Économie
Les travailleurs français face à l’ombre des PFAS
Une enquête de l’INRS révèle une méconnaissance préoccupante de l’exposition professionnelle à ces substances chimiques persistantes, tandis que les outils de prévention peinent à suivre.
La protection des salariés contre les substances per- et polyfluoroalkylées, communément appelées PFAS, constitue un défi majeur pour les entreprises françaises. Une vaste étude menée par l’Institut national de recherche et de sécurité met en lumière les lacunes persistantes dans l’identification et la gestion de ces risques. Menée sur deux années auprès de centaines d’établissements, l’enquête souligne que plus de la moitié des répondants se considèrent non concernés, illustrant un déficit d’information criant.
La difficulté principale réside dans la traçabilité de ces composés. Les fiches de données de sécurité, documents réglementaires fournis par les fabricants, omettent fréquemment de signaler la présence de PFAS dans les produits ou les déchets. Cette opacité empêche les employeurs d’évaluer correctement les dangers et de mettre en œuvre des mesures de prévention adaptées. Les secteurs de la chimie, du textile, de l’automobile ou du traitement des déchets sont particulièrement concernés.

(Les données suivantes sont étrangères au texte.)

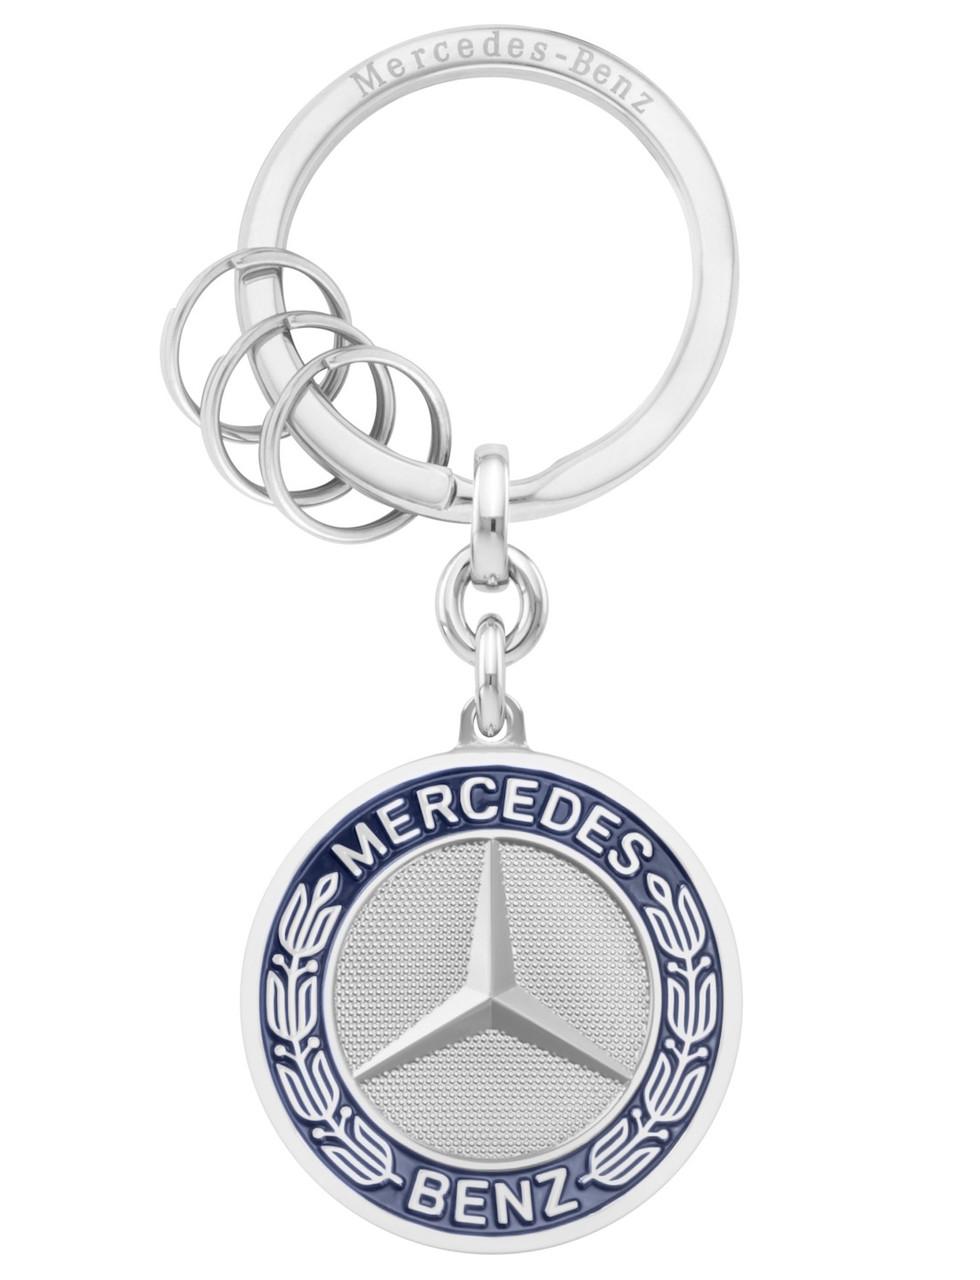 Брелок Mercedes-Benz Key Ring, Stuttgart, Silver, (B66041524)

Les procédures de contrôle apparaissent insuffisantes au regard des enjeux sanitaires. Si la majorité des entreprises interrogées déclarent avoir une démarche d’évaluation des risques chimiques, celle-ci n’est que rarement spécifique aux PFAS. Leur diversité chimique et l’absence quasi générale de valeurs limites d’exposition professionnelle en Europe compliquent la surveillance. Seule une infime minorité d’établissements procède à des prélèvements atmosphériques ou biologiques pour mesurer la contamination.
La priorité absolue reste la substitution de ces substances, une voie déjà empruntée par certaines sociétés. Les experts alertent toutefois sur la nécessité d’éviter un remplacement par des composés aux toxicités similaires. Lorsque l’élimination n’est pas possible, le recours à des systèmes de ventilation, de filtration de l’air et, en dernier ressort, à des équipements de protection individuelle est préconisé. L’INRS travaille désormais au développement de méthodes analytiques fiables pour quantifier la présence de ces polluants dans l’environnement de travail et l’organisme des salariés, avec l’objectif de disposer de premiers outils opérationnels d’ici quelques années.